The perpetrators exploited already compromised email accounts and company servers to disseminate malicious emails and to store and collect stolen data. The campaign consisted of nine waves of attacks, utilizing the DBatLoader (ModiLoader) to deliver the malicious software.
The initial attack vector involved phishing emails with attachments in RAR or ISO formats containing malicious files.
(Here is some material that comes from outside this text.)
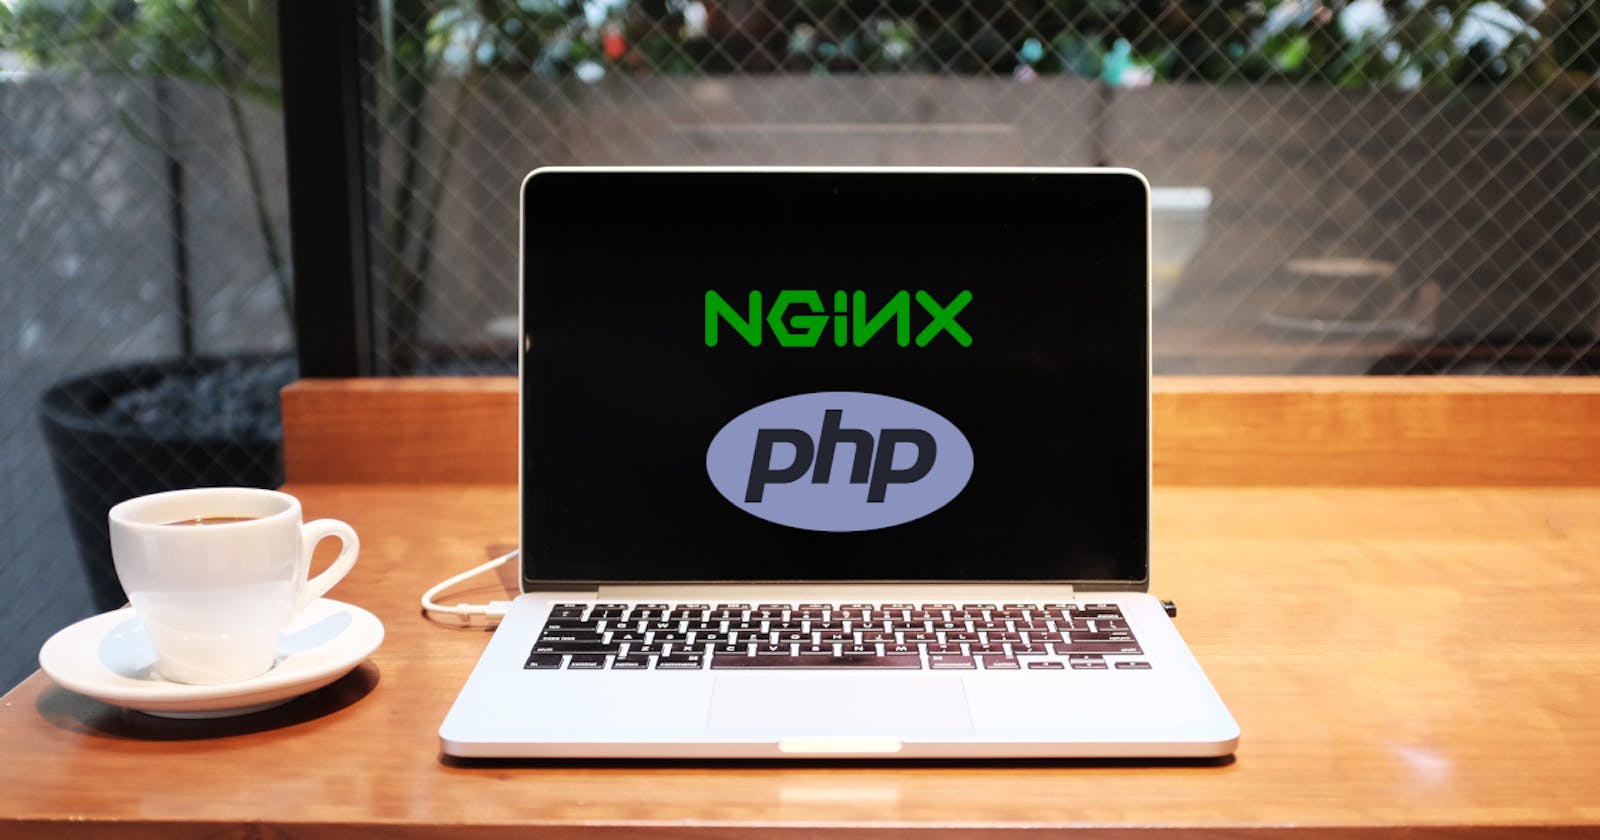 Configurando NGINX + PHP no macOS

Opening these attachments initiated a multi-stage process to download and activate the trojans.
In cases with ISO file attachments, the contents included an executable ModiLoader file (named identically or similarly to the ISO file itself), which was executed upon opening.
In cases with RAR file attachments, the archives contained a heavily obfuscated batch script (bearing the same name as the archive) with a “.cmd” extension. The file also included a Base64-encoded ModiLoader executable disguised as a PEM certificate revocation list. The batch script was responsible for decoding and launching the embedded ModiLoader.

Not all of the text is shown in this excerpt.